While you can’t get an exact amount of time taken for each calculation, the good news is that it is possible to get a duration rounded to the next second if your calculation is evaluated in bulk mode.

Take a look at the following query:

[sourcecode language='text'  padlinenumbers='true']
WITH

MEMBER MEASURES.DAYRANK AS
RANK(
[Date].[Date].CURRENTMEMBER, 
[Date].[Date].[Date].MEMBERS)-1

MEMBER MEASURES.HADSALE AS
IIF(
[Measures].[Internet Sales Amount]=0,
NULL,
MEASURES.DAYRANK)

MEMBER MEASURES.LASTSALERANK AS
MAX(
NULL:[Date].[Date].CURRENTMEMBER, 
MEASURES.HADSALE)

MEMBER MEASURES.LASTSALE AS
([Measures].[Internet Sales Amount], 
[Date].[Date].[Date].MEMBERS.ITEM(MEASURES.LASTSALERANK))

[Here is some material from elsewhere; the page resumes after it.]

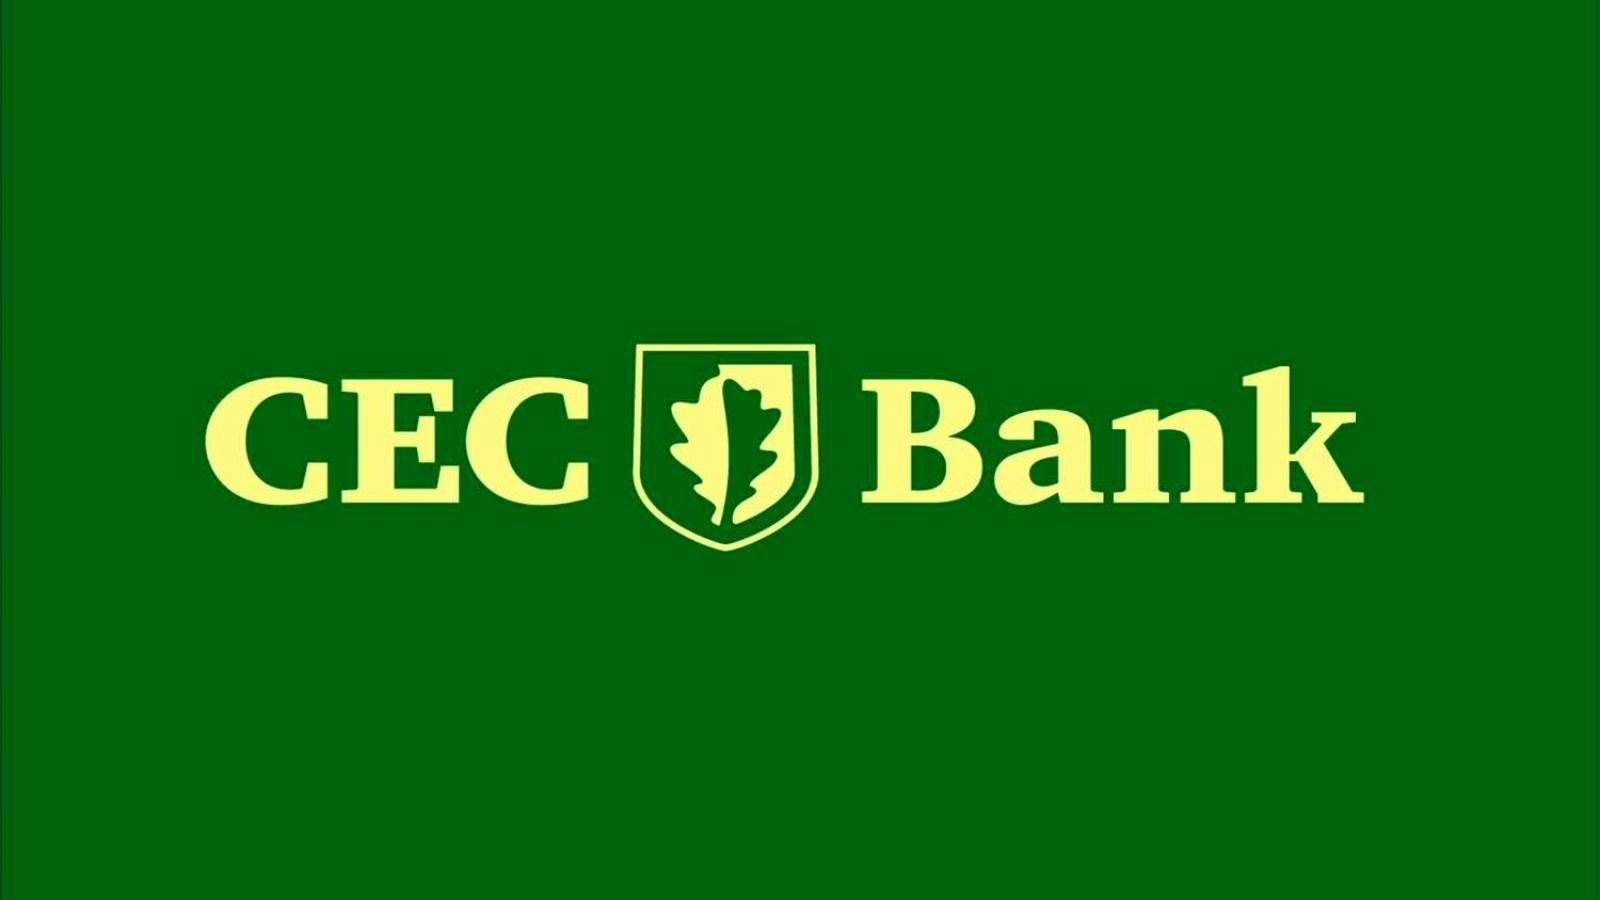 CEC Bank closure measure

MEMBER MEASURES.SIMPLECALC AS
[Measures].[Internet Sales Amount] * 2

SELECT 
HEAD([Customer].[Customer].[Customer].MEMBERS, 200)
*
{MEASURES.SIMPLECALC, MEASURES.LASTSALE}
ON 0,
[Date].[Date].[Date].MEMBERS
ON 1
FROM
[Adventure Works]
[/sourcecode]

This query contains five calculated measures: the first four in the WITH clause, DAYRANK, HADSALE, LASTSALERANK and LASTSALE, are based on my approach for finding the last ever non-empty value for a measure across time; the final measure, SIMPLECALC, is as the name suggests a very simple calculation. On my laptop this query takes around 13 seconds to run on my laptop, on a warm Storage Engine cache. Why does it take so long? It’s clearly the calculations that are the problem, but which one(s)?

Luckily all of the calculations in this query are evaluated in bulk mode so, as I discussed in my last two posts, there is an event raised with:

Event Class = Calculation Evaluation Detailed Information

Event Subclass = 107 – RunEvalNode Finished Calculating Item

…for each of the calculations when they are evaluated. Unfortunately the Duration column for this event always shows 0, but there is a way to see approximately how long the calculation took by comparing the Start Time and Current Time columns in the trace.

The 107 – RunEvalNode event for the measure SIMPLECALC shows the same time for the Start Time and Current Time columns:

image

This indicates that the SIMPLECALC calculation is evaluated in under a second.

However, sequence of 107 – RunEvalNode events for the LASTSALE calculation shows something different:

image

There’s a gap of 7 seconds between the StartTime and the CurrentTime, and this indicates that the calculation took 7 seconds to evaluate. It’s a bit frustrating that there isn’t a way to get a more accurate duration here, but it’s still very clear which calculation is taking all the time. Even though the time for calculating LASTSALE includes the time taken for calculating LASTSALERANK, HADSALE and DAYRANK (all of which need to be calculated in order to calculation LASTSALE), the equivalent rows in the trace for these other calculations show they took under a second each. It’s only the logic inside LASTSALE itself that is slow – so that’s where any tuning needs to take place. Indeed, modifying the query to return LASTSALERANK instead of LASTSALE makes the query faster by around 6 seconds, supporting this conclusion.

If you’re curious about what the other 6 seconds of the query execution time is taken up by, it seems like it’s serialisation of the results – something I blogged about here. The query returns a cellset with 400*1190=476000 cells in, and SSAS doesn’t cope well with queries that return a large amount of data.